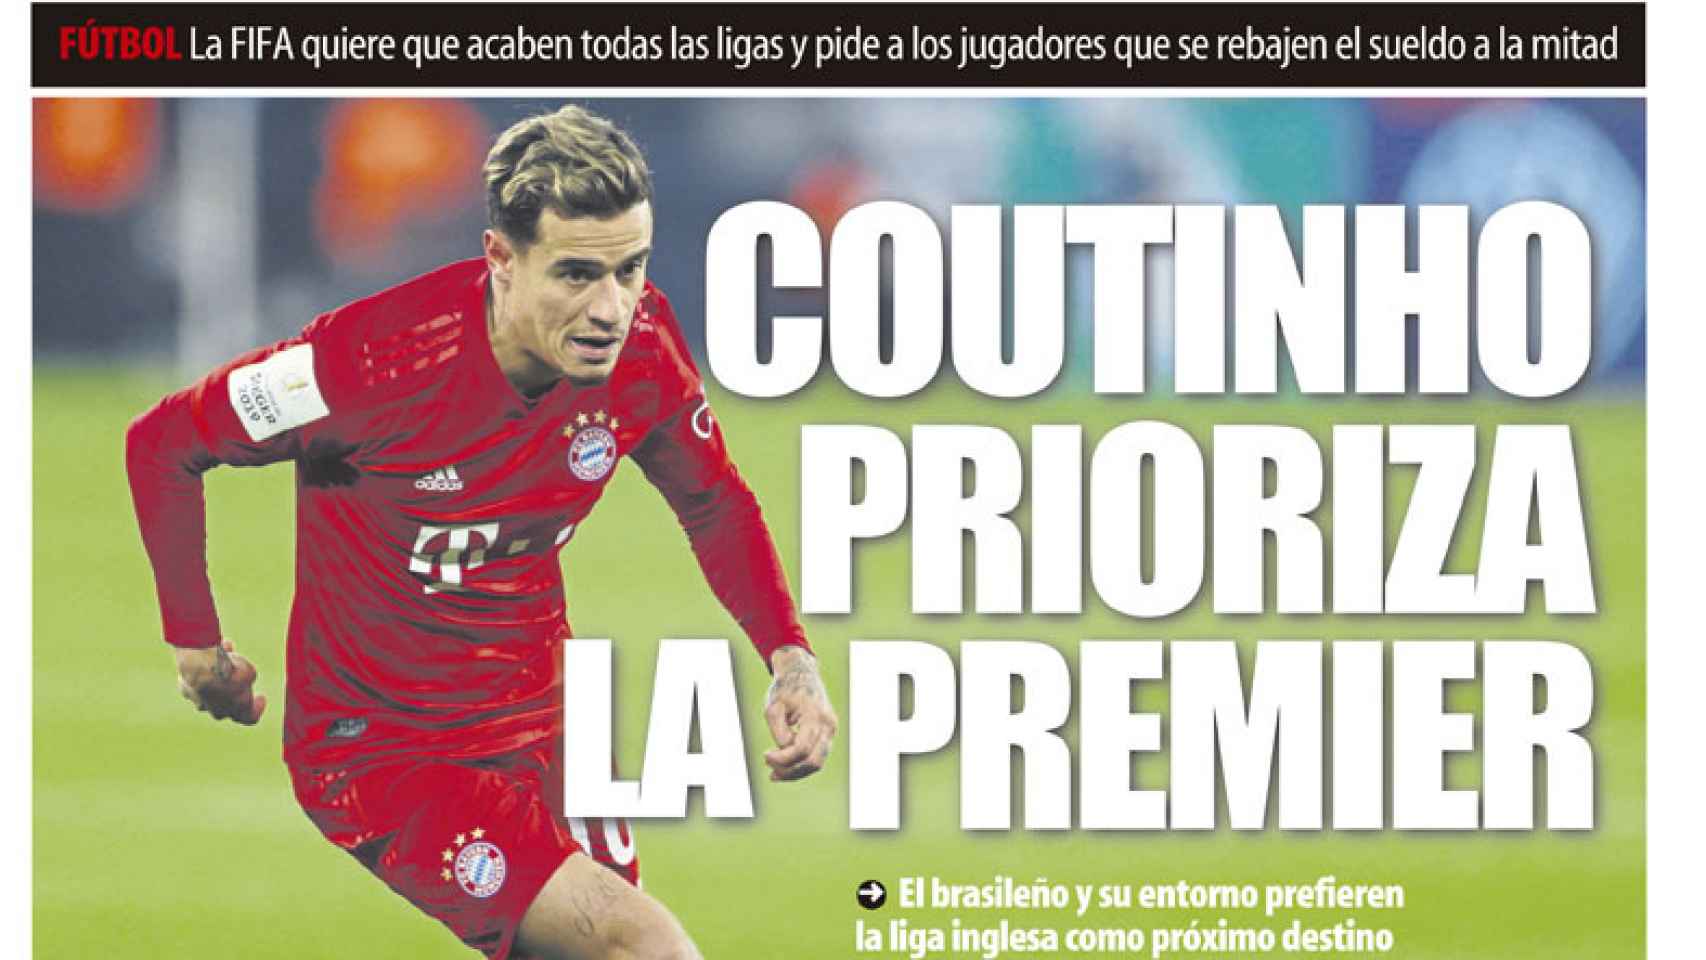 La portada del diario Mundo Deportivo (27/03/2020)
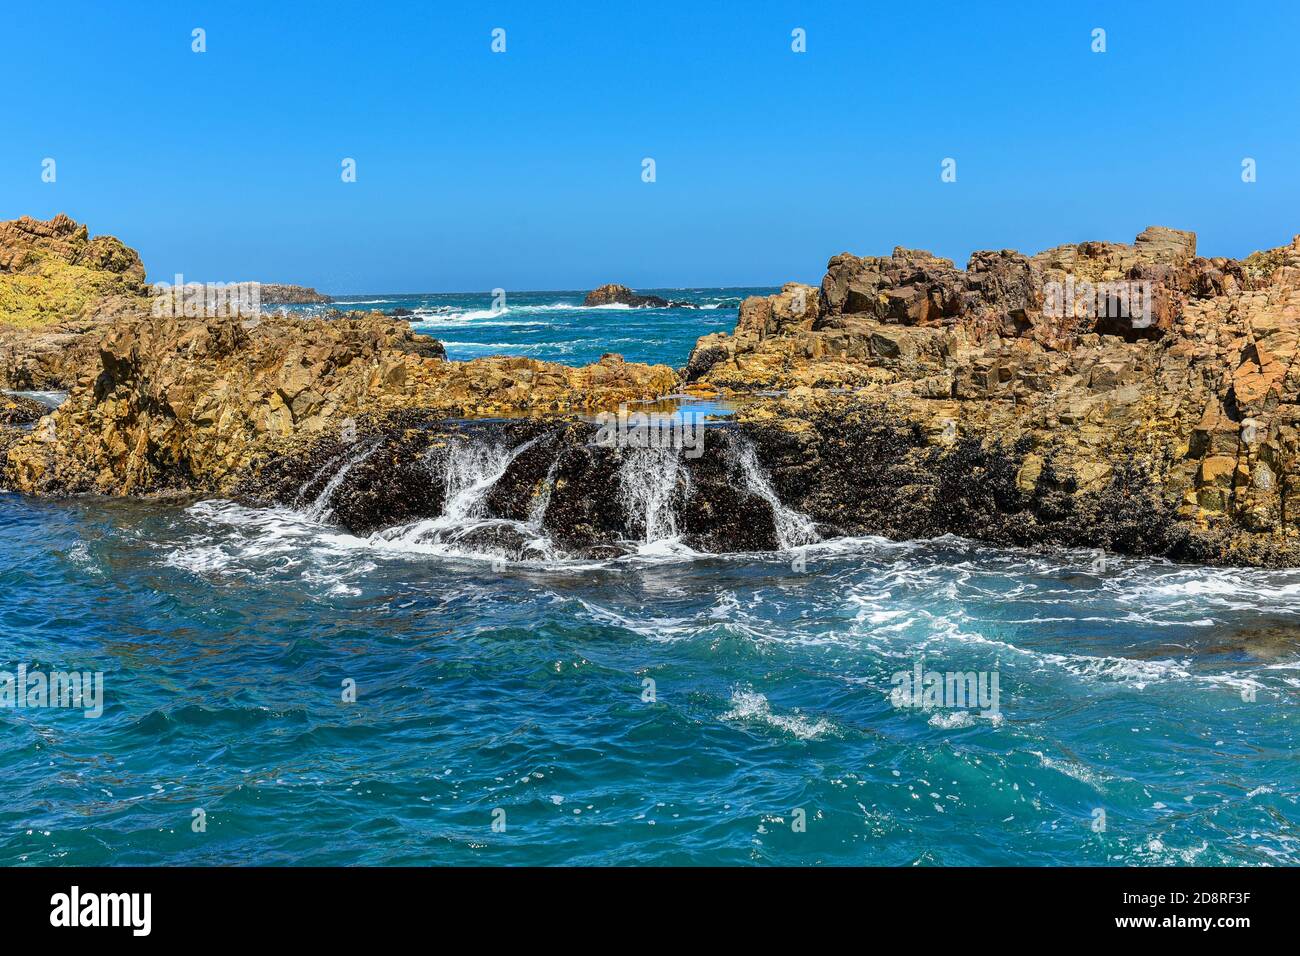 Rochers dans la mer, Knysna Heads, Garden route, Afrique du Sud Banque D'Images
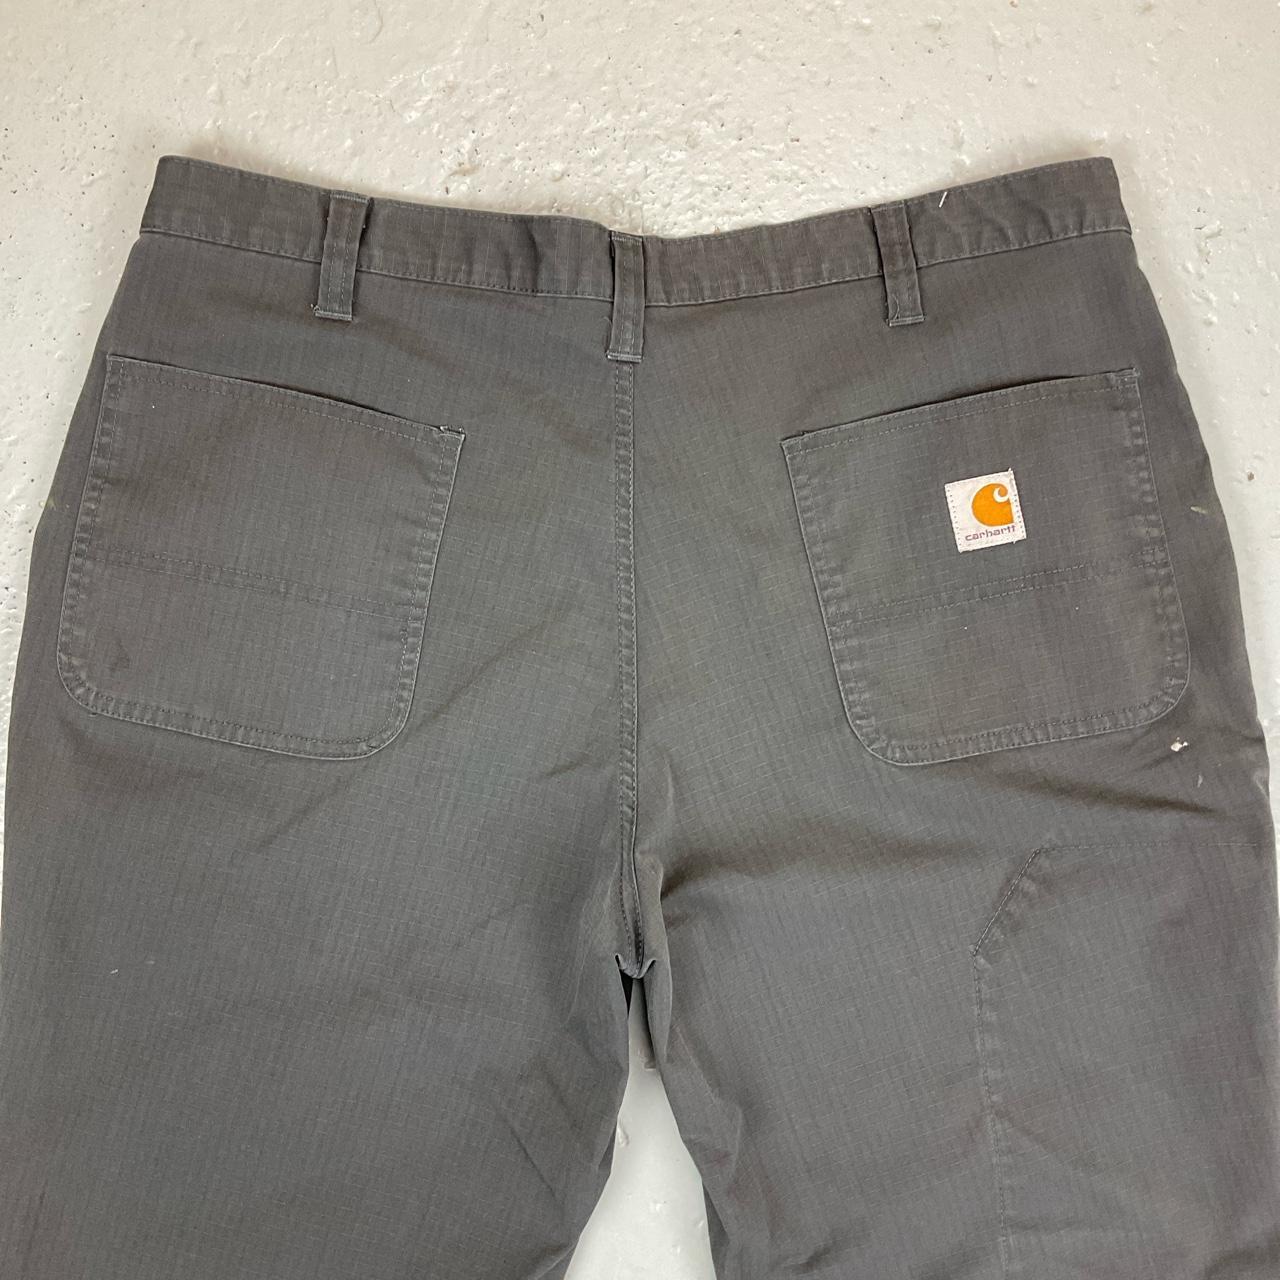 Carhartt pants size 38x32 in great shape! - Depop
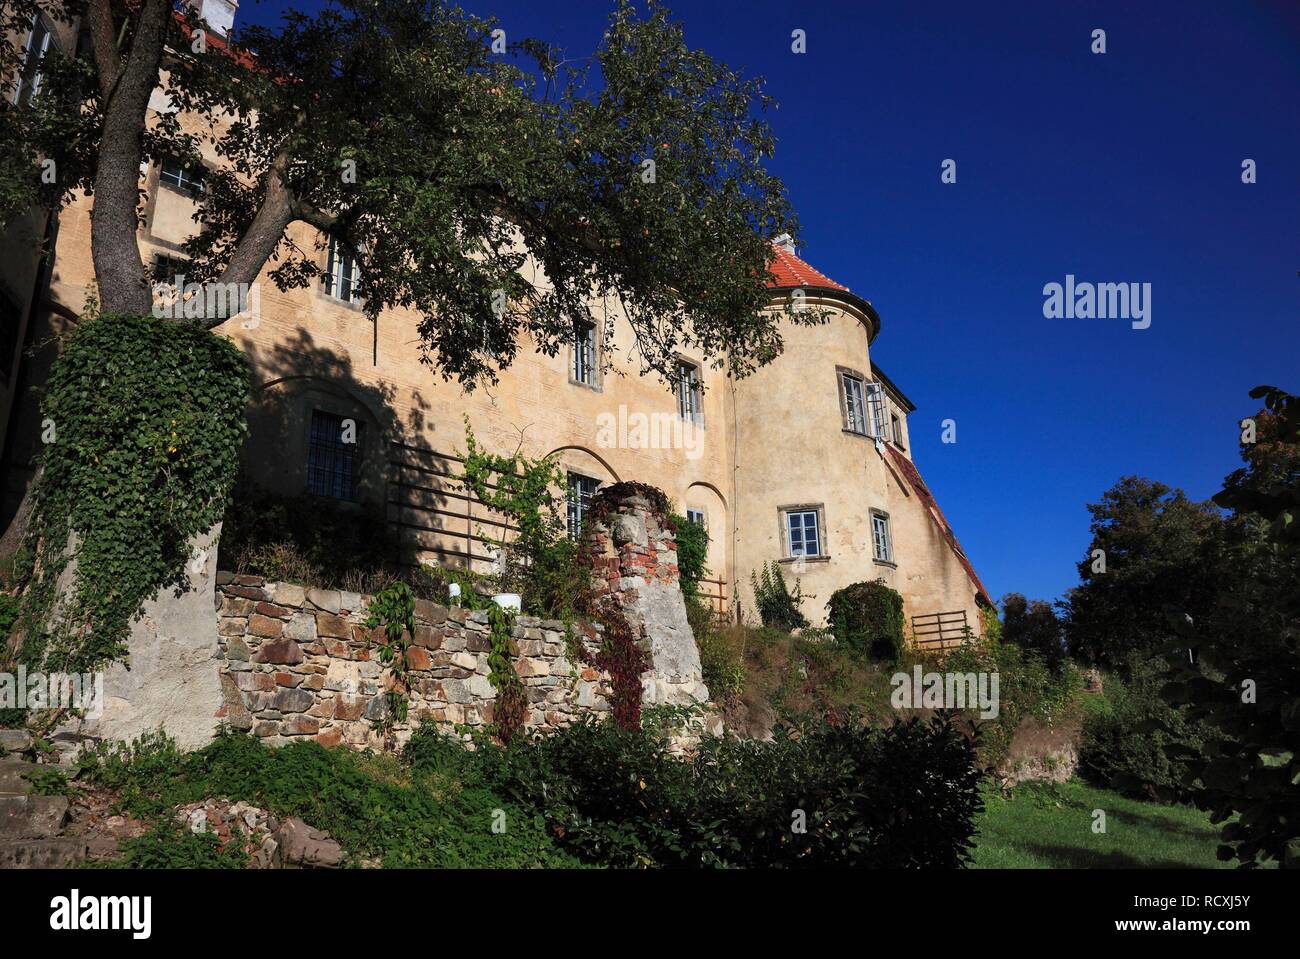 Grabstejn château près de Hradek nad Nisou, district de Liberec, au nord de la Bohême, la Bohême, République Tchèque, Europe Banque D'Images

::::::::::

**PROBLEM TO SOLVE**
Give back the listing exactly, with the pictures removed.

**RESULT OF THE TASK**
 La portada del diario Mundo Deportivo (27/03/2020)
 Rochers dans la mer, Knysna Heads, Garden route, Afrique du Sud Banque D'Images
 Carhartt pants size 38x32 in great shape! - Depop
 Grabstejn château près de Hradek nad Nisou, district de Liberec, au nord de la Bohême, la Bohême, République Tchèque, Europe Banque D'Images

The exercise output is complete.